I would venture to guess that 95+% of crystallographers are in the unquestioned habit of making the same conceptual error that Dale has pointed out, viz. mistaking the rmsd of the map (which is a unit of contrast) for the standard deviation of a noise level in the map.
The latter quantity has nothing to do with the former, as has been pointed out many times.
The problem is that this confusion is enshrined in the default values of certain parameters in display programs and scripts, that are assumed (not by their authors, but by almost everybody else) to embody all the common sense we need :-) .
With best wishes,
Gerard.
--
On Sun, Jun 04, 2017 at 03:36:29PM +0100, Eleanor Dodson wrote:
> Thank you Dale! You talk so much common sense..
> Eleanor
>
> On 2 June 2017 at 23:30, Dale Tronrud <[log in to unmask]> wrote:
>
> > On 6/2/2017 1:42 PM, wtempel wrote:
> > > Hello all,
> > > crystals with high solvent content tend to diffract poorly, at
> > > least according to intuition. Several years ago we solved a
> > > structure
> > > <http://www.rcsb.org/pdb/explore/explore.do?structureId=2h58> that
> > > appeared to buck that trend with a solvent content of ≈0.8 and
> > > resolution beyond 2 Å, per merging statistics and visibility of spots on diffraction images.

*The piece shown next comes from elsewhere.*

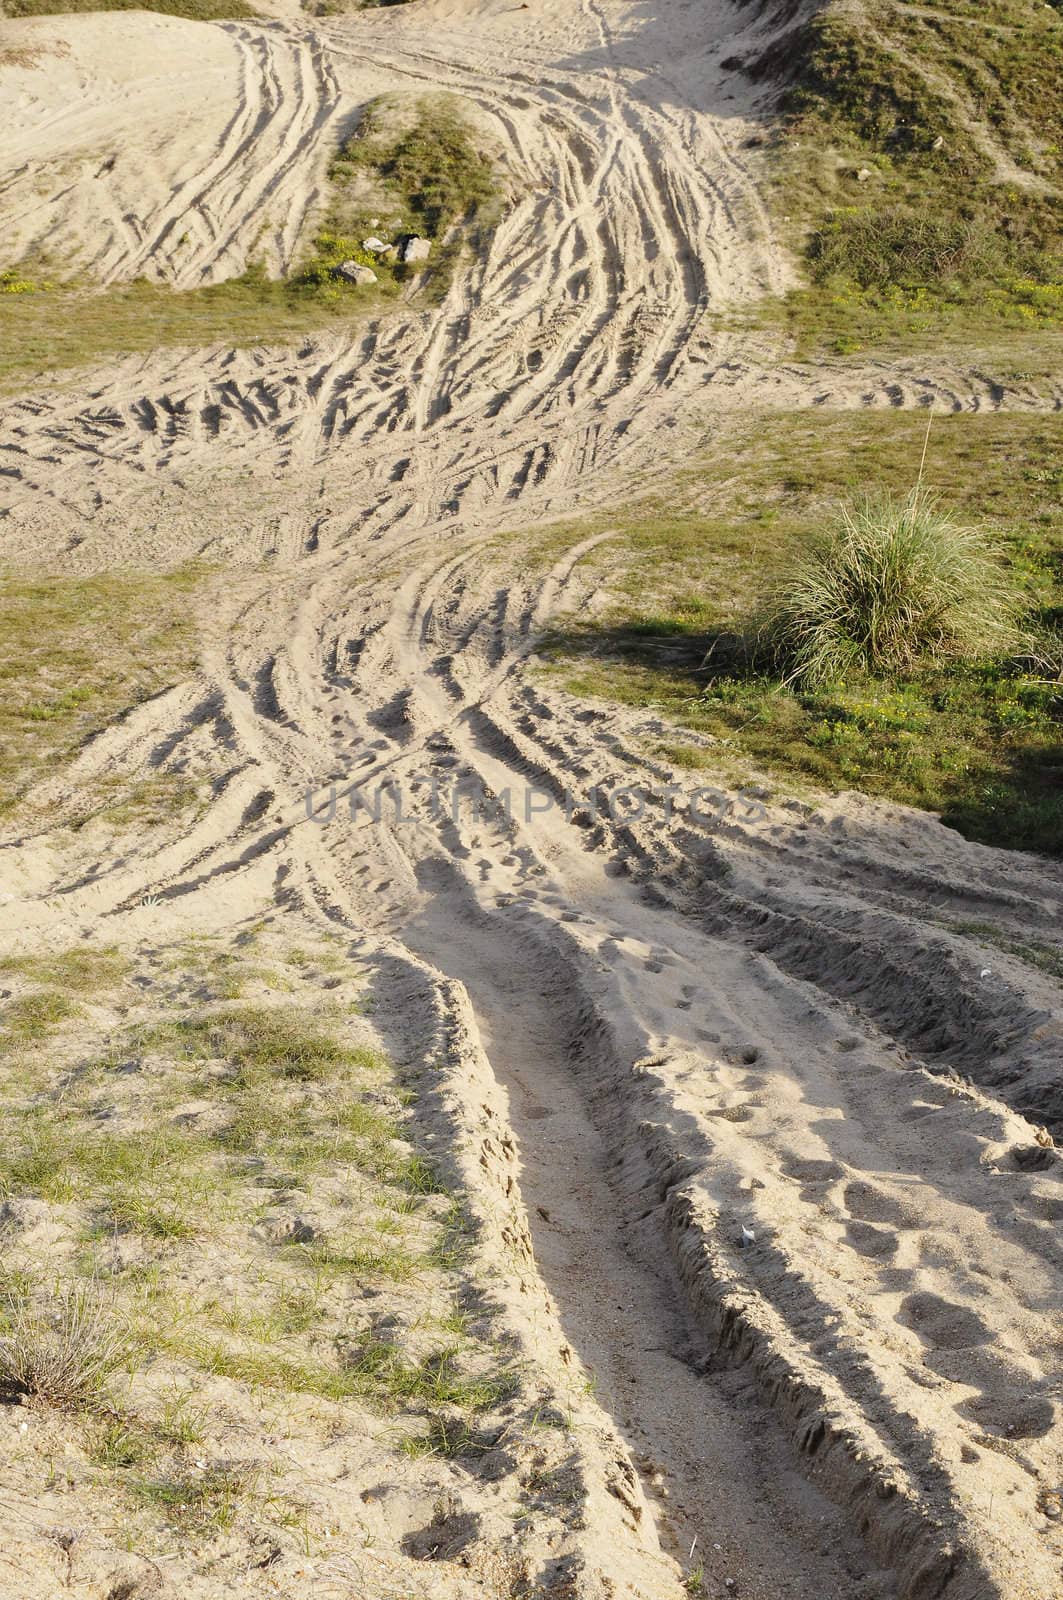 Many tyre traces in the sand dunes with little vegetation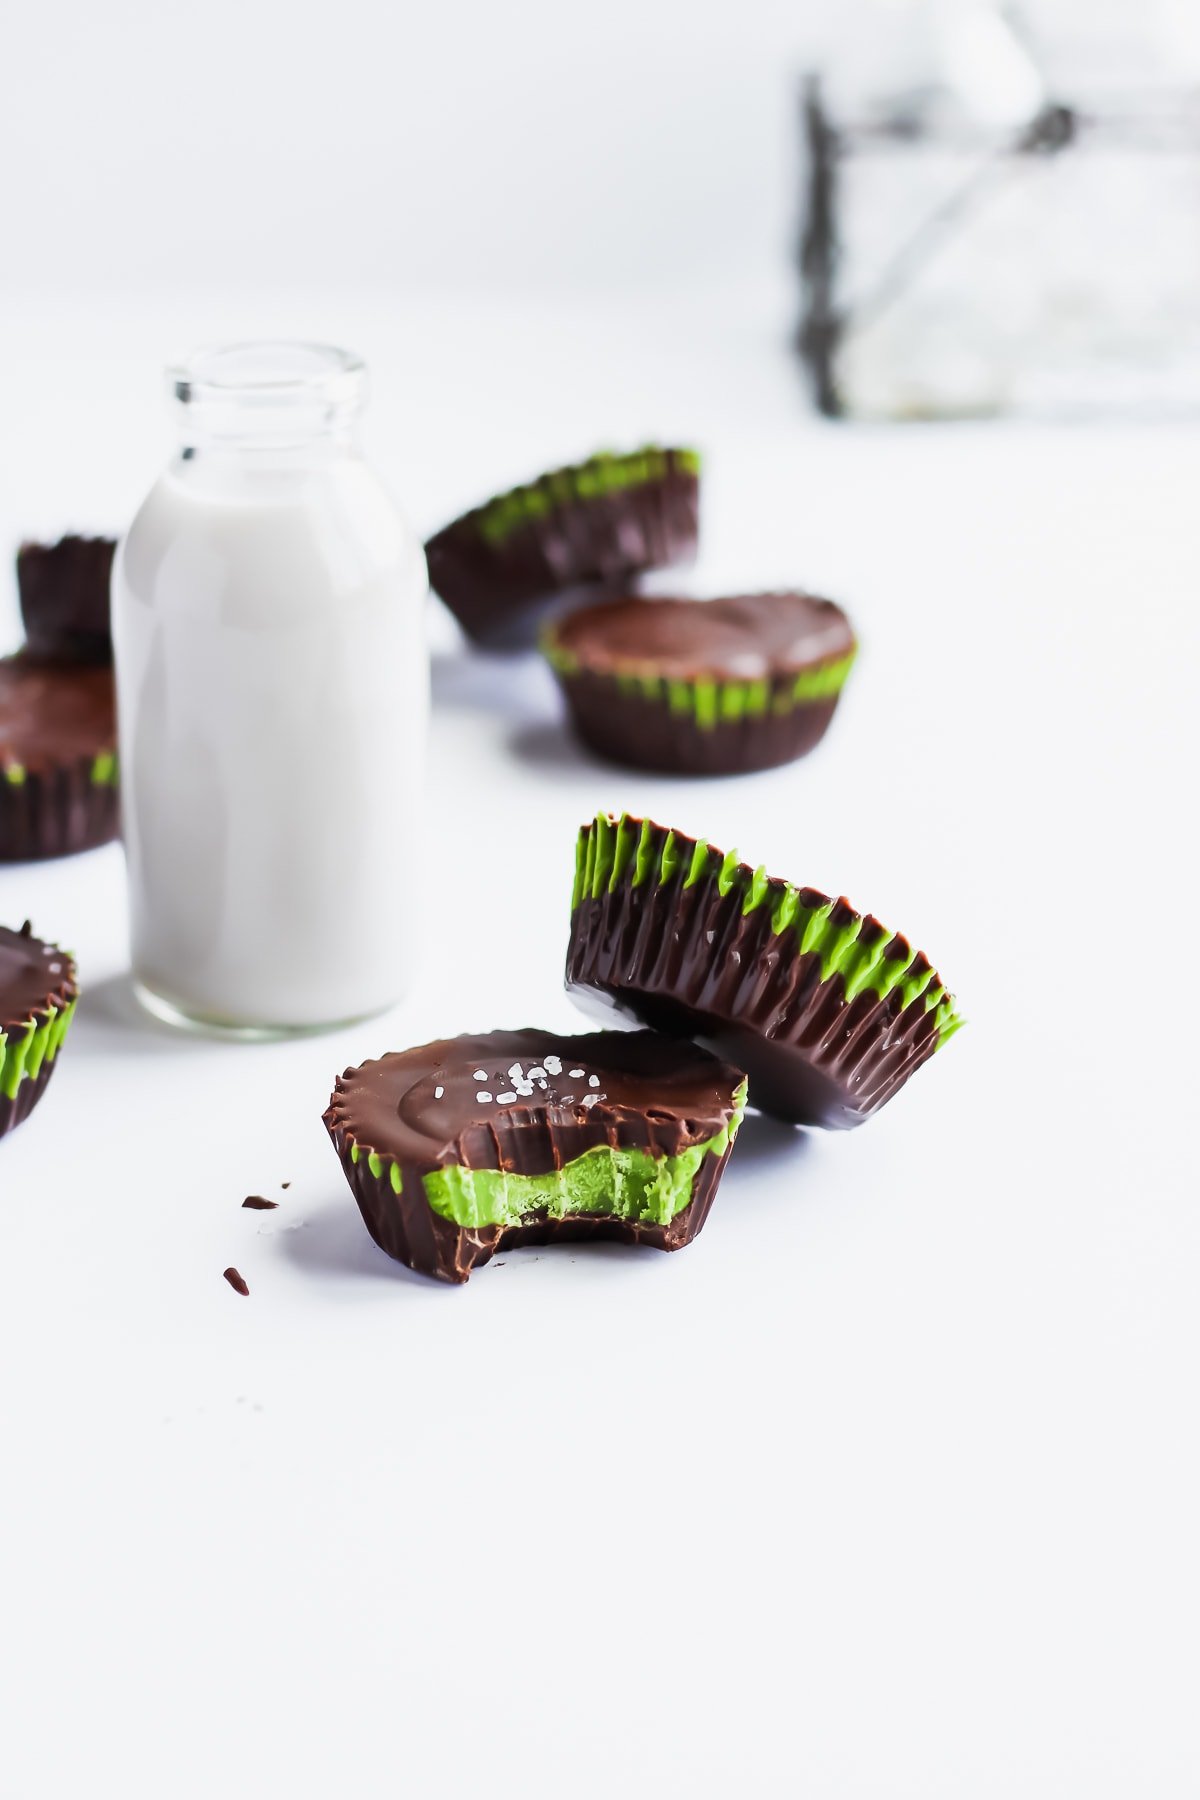 Matcha Coconut Butter Cups - a delicious indulgence that is paleo and gluten free! #paleo

> > > I would welcome my colleagues’ opinions as to why I might observe
> > > the
> > > following:
> > >
> > > 1. Paired refinement (similar to Fig. 1 in Karplus&Diederichs
> > > <http://doi.org10.1126/science.1218231>) indicates that adding any
> > > higher resolution data beyond 3.4 Å, the lowest high resolution
> > > cut-off limit I tried, does not improve R-factors at the common
> > > lower resolution cutoff. Yes, diffraction is anisotropic in this
> > > case, but seemingly not to that extent. I hesitate to “throw out”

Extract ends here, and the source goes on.